Скандал разразился в сущности из-за пустяка. Как водится в такого рода мероприятиях, вся тяжесть развлечений легла на хрупкие плечи местных девушек. А им предстояло выбрать между приезжими и доморощенными ухажерами.

Среди тех девиц, которые бросали плотоядные взоры на франта Меркина была Аделина Музафарова. Аделина редкостное имя в центральных русских губерниях, но только не в столице Южного Предуралья. Аделина слыла местной патриоткой. Дему, где все друг друга знают, называла не иначе как «нашей Санта-Барбарой». В детстве, играя с мальчиками в футбол, она получила хороший удар мячом по лицу. От этого у нее ухудшилось зрение, пришлось нацепить очки. Однако сорвиголовизм юной демки ничуть не смягчился. Аделина быстро выросла в маленькую женщину. В тринадцать ей не давали меньше шестнадцати. Этнографически Аделина несомненно принадлежала племени Эллочки-Людоедки. Но ее словесный запас, благодаря необычайно развившемуся за двадцатый век сленгу, вплотную подпирал к словарю если не Уильяма нашего Шекспира, так уж точно никак не уступал словарю какого-нибудь депутата.
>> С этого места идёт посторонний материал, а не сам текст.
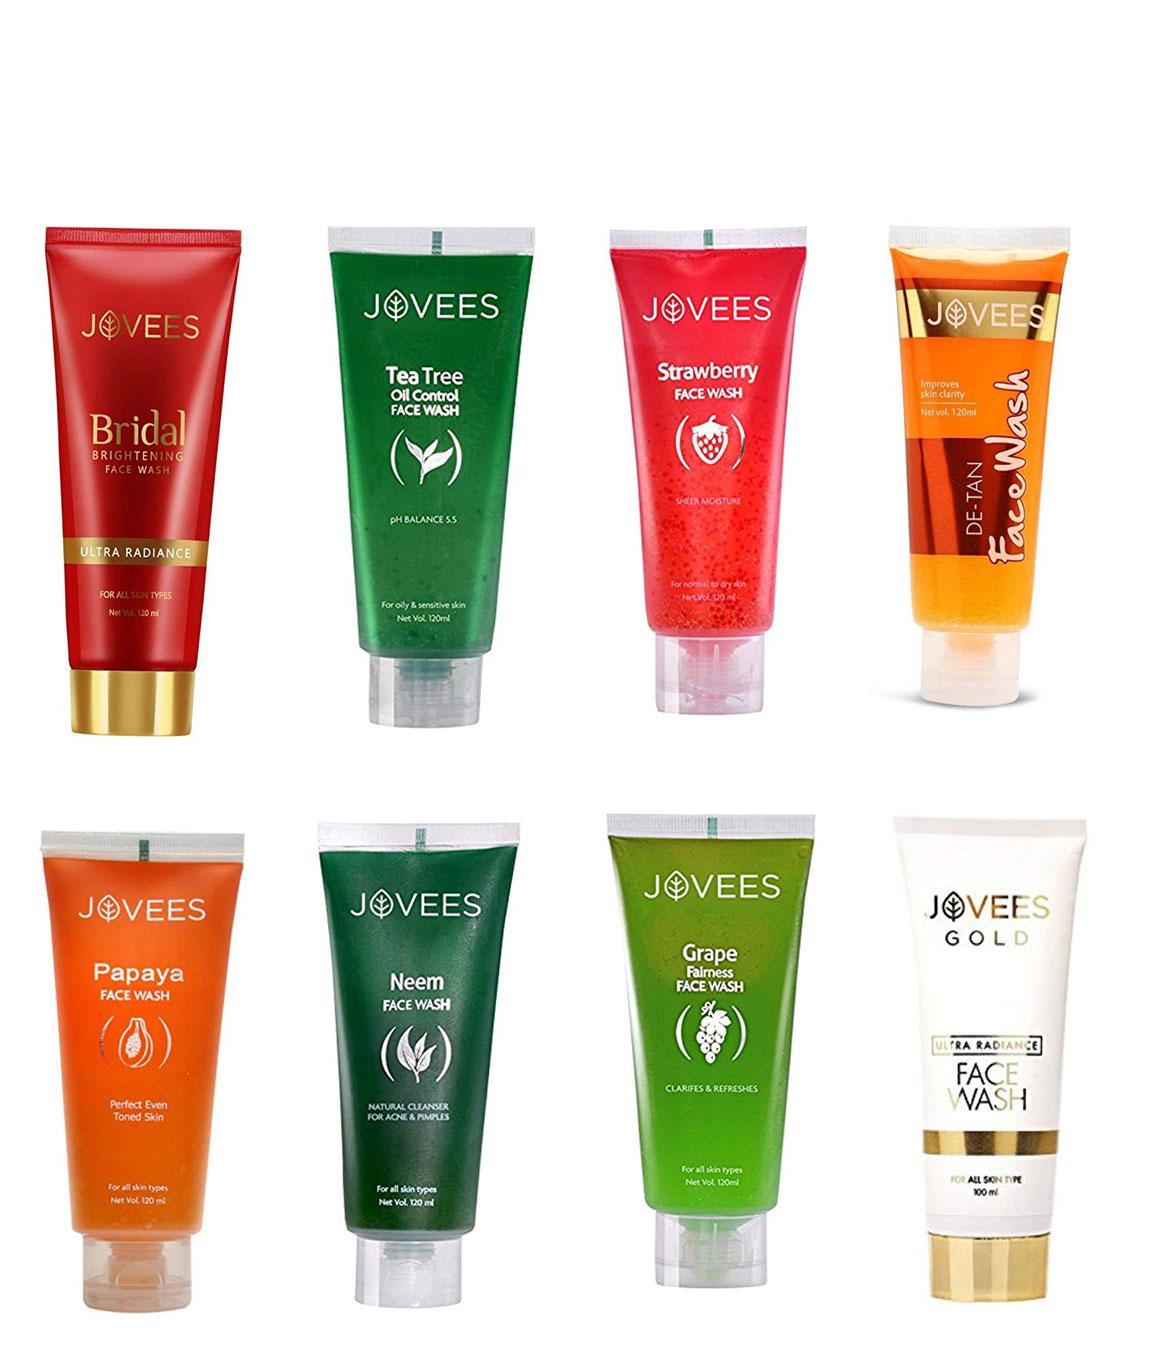 Jovees Face Wash-Eight Flavour-Bridal Brightening,Gold Ultra Radiance,Papaya,De-Tan,Tea Tree,Grape,Neem,Strawberry. Face Wash (120 ml)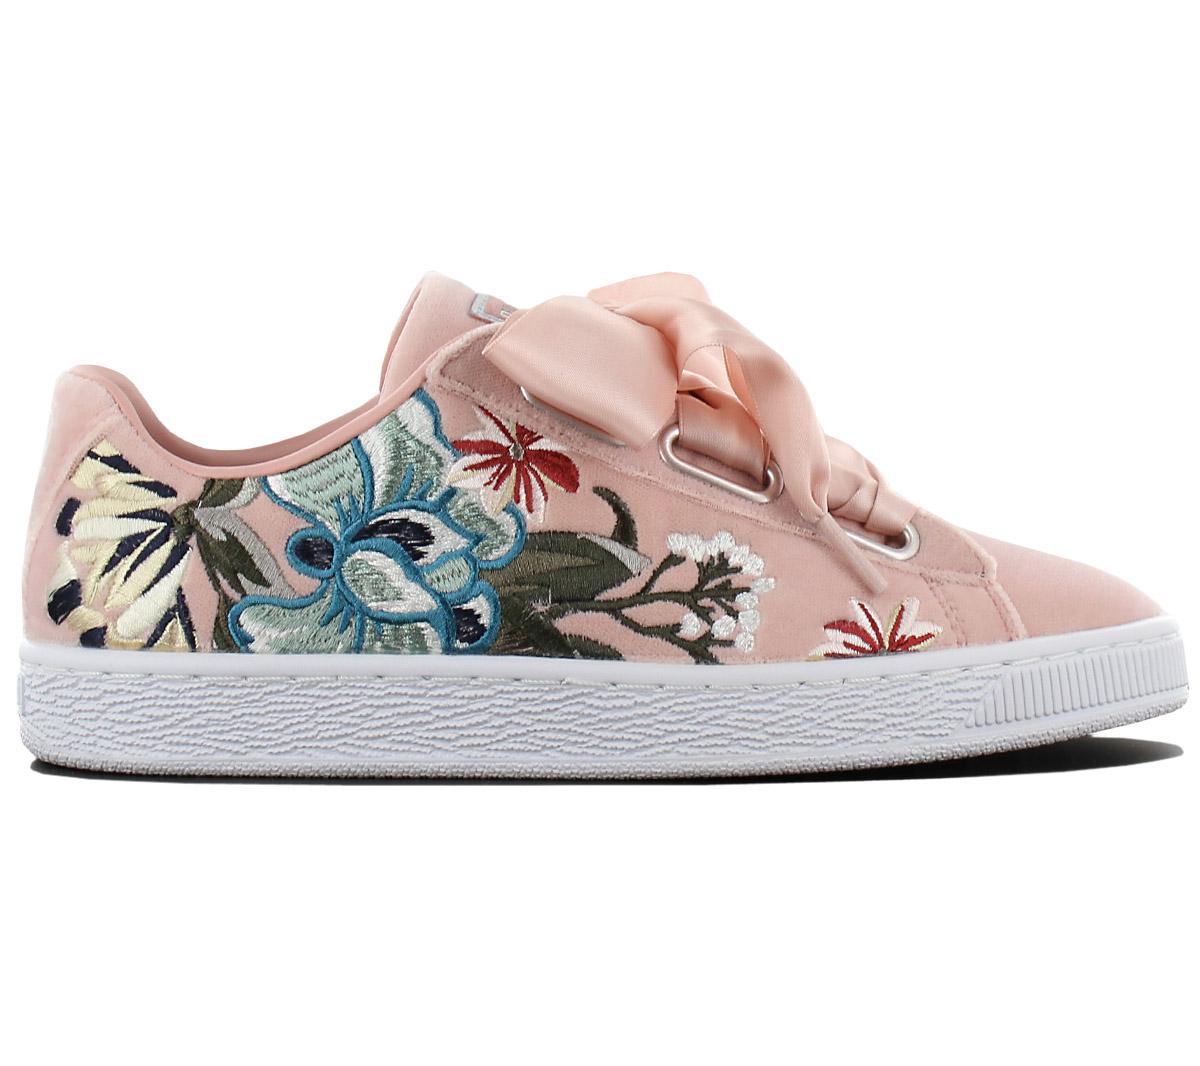 c929fdea030840 Puma Basket Heart Hyper Flower Emb Ladies Trainers Shoes

Девушка считала себя редкостной специалисткой в области секса. Она не признавала кошачьи поцелуи и прочую мерзость, выдуманную любвеобильными и развратными французами. Аделина считала, что такой гадостью занимаются только «шлюхи из Уфы». На фоне упившейся пива девчачьей массы гордячка сверкала редкостным бриллиантом. 

Неудивительно, что Меркин, долго выбиравший девицу на вечер, очень скоро, автоматически оказался возле Аделины. Возможно, он просто сгорал от желания почесать язык.

– Окуляры басявые (Очки красивые). Дай поносить! – осведомился он с лучезарной улыбкой.

Аделина смерила городского франта критическим взглядом.

– Базара хочешь или борзометр зашкалил? (Поговорить желаешь или обнаглел совсем?)

– Дедики тутошние с балалайками своими в хлам убитыми затрахали (Местные забитые парни со своими плоскогрудыми девушками, напившимися до бесчувствия, надоели), – признался Меркин.

– А ты ничего, прикольный чувак, – произнесла Аделина с одобрительной иронией.

Для Валентина, наблюдавшего эту сцену несколько со стороны сразу определилась грозящая беспечным влюбленным опасность. Шедшая к Аделине подружка со стаканчиками лимонада уже была перехвачена мрачным субъектом, который громко допрашивал ее насчет «того хлыща, который к моей девушке клеится».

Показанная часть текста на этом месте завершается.